*** Supplied data ***

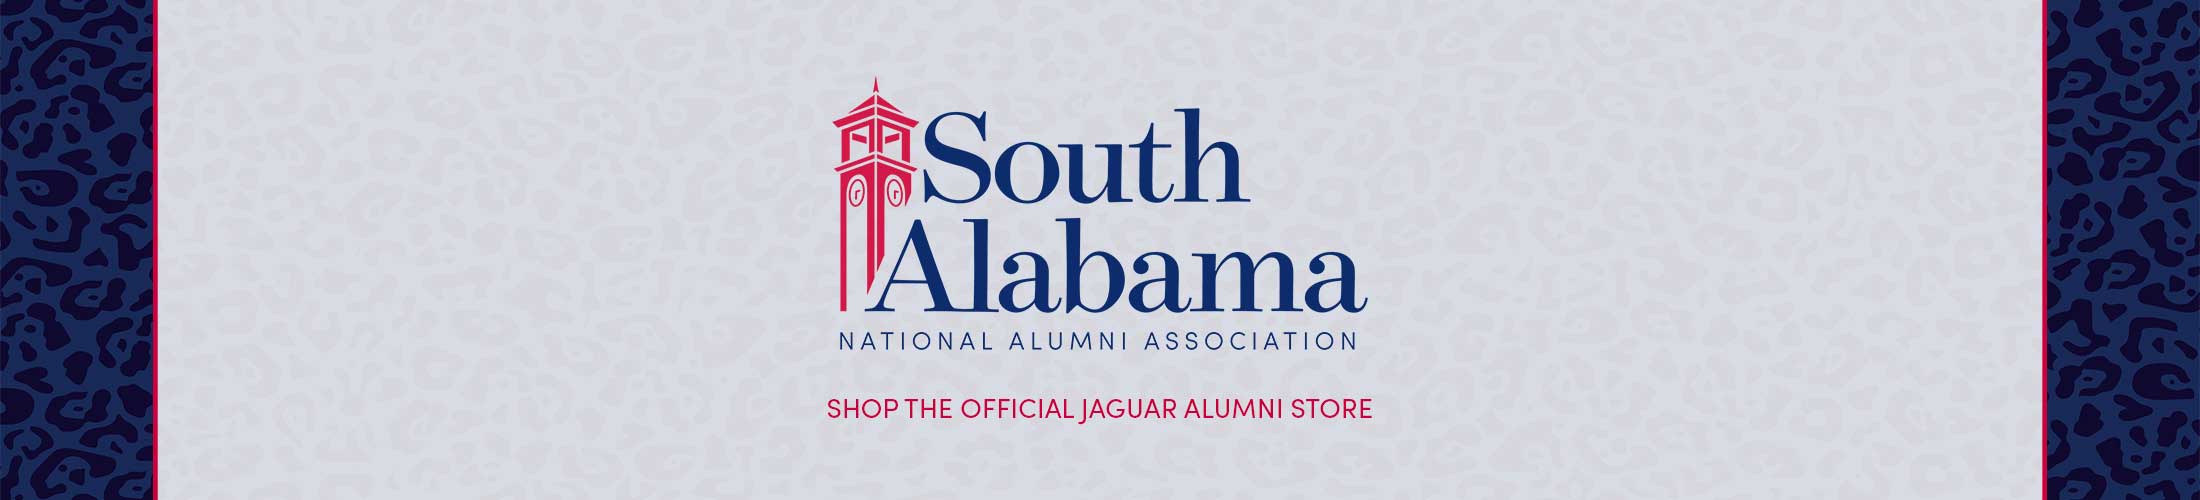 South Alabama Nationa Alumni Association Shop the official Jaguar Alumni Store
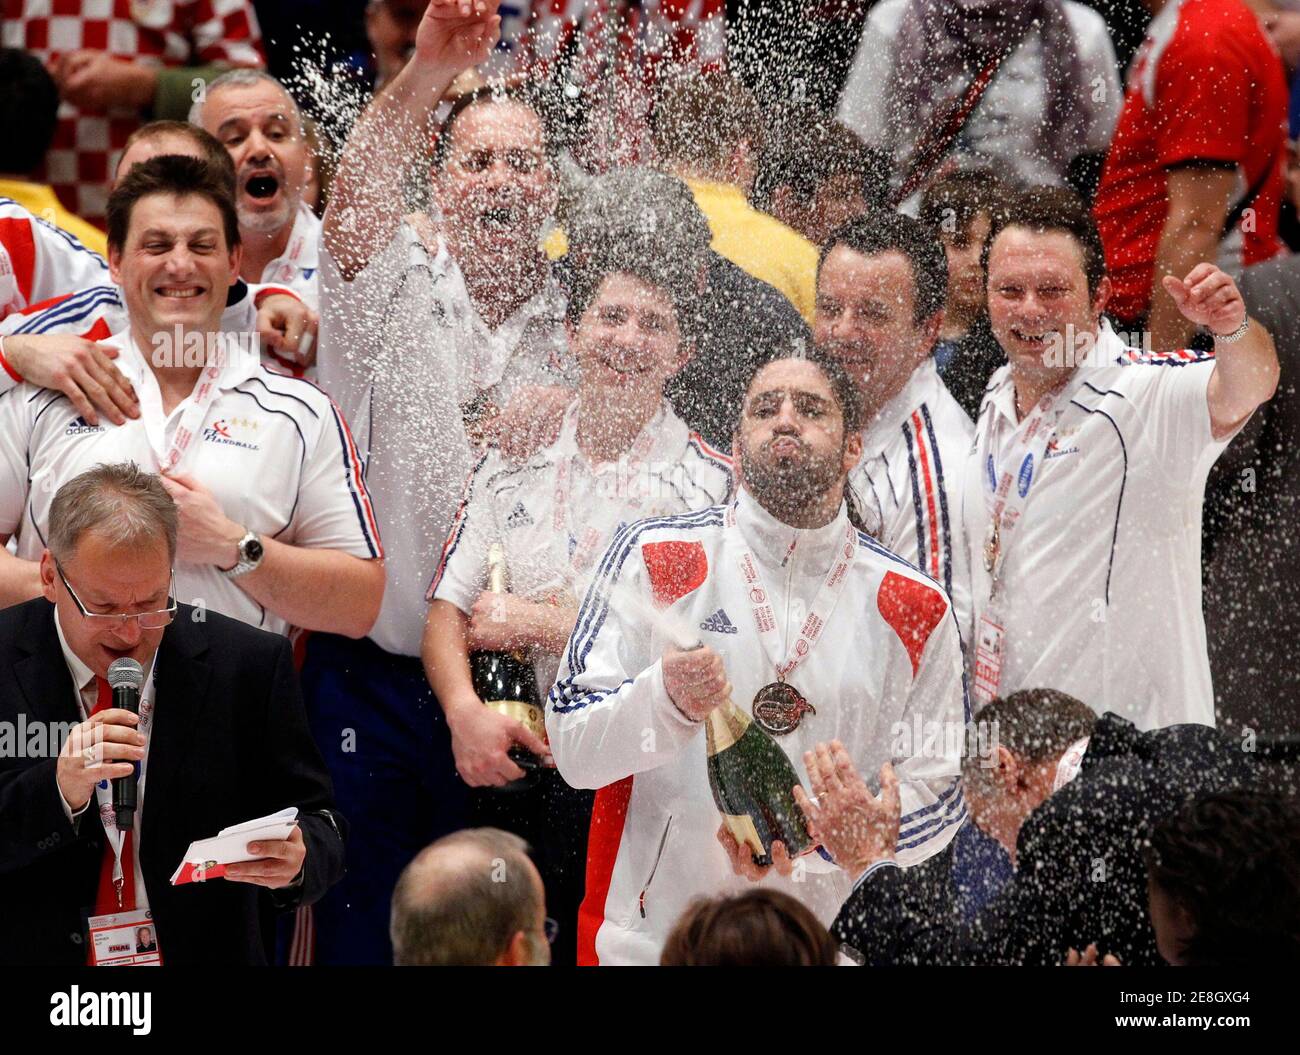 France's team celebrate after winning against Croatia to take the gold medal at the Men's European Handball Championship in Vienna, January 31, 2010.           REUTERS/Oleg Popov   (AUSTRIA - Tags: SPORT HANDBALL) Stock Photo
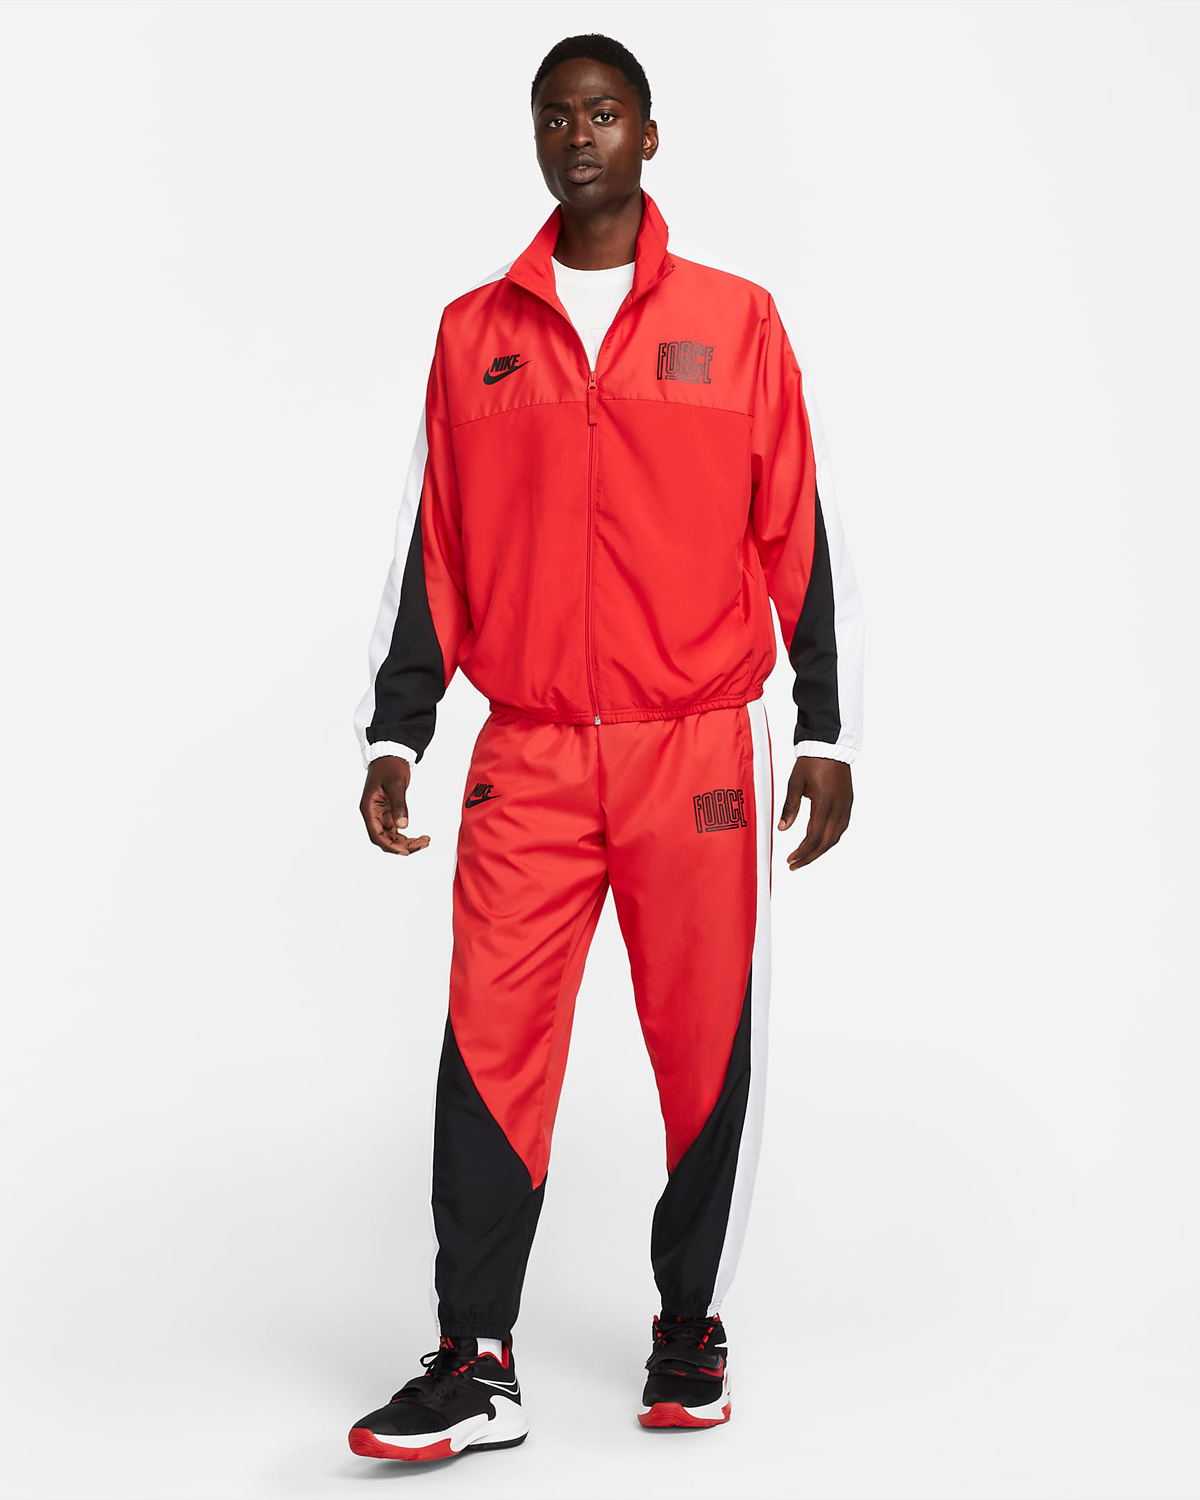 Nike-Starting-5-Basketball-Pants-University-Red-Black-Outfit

***

Leave the pictures out and output the rest of the data word for word.

 South Alabama Nationa Alumni Association Shop the official Jaguar Alumni Store
 France's team celebrate after winning against Croatia to take the gold medal at the Men's European Handball Championship in Vienna, January 31, 2010.           REUTERS/Oleg Popov   (AUSTRIA - Tags: SPORT HANDBALL) Stock Photo
 Nike-Starting-5-Basketball-Pants-University-Red-Black-Outfit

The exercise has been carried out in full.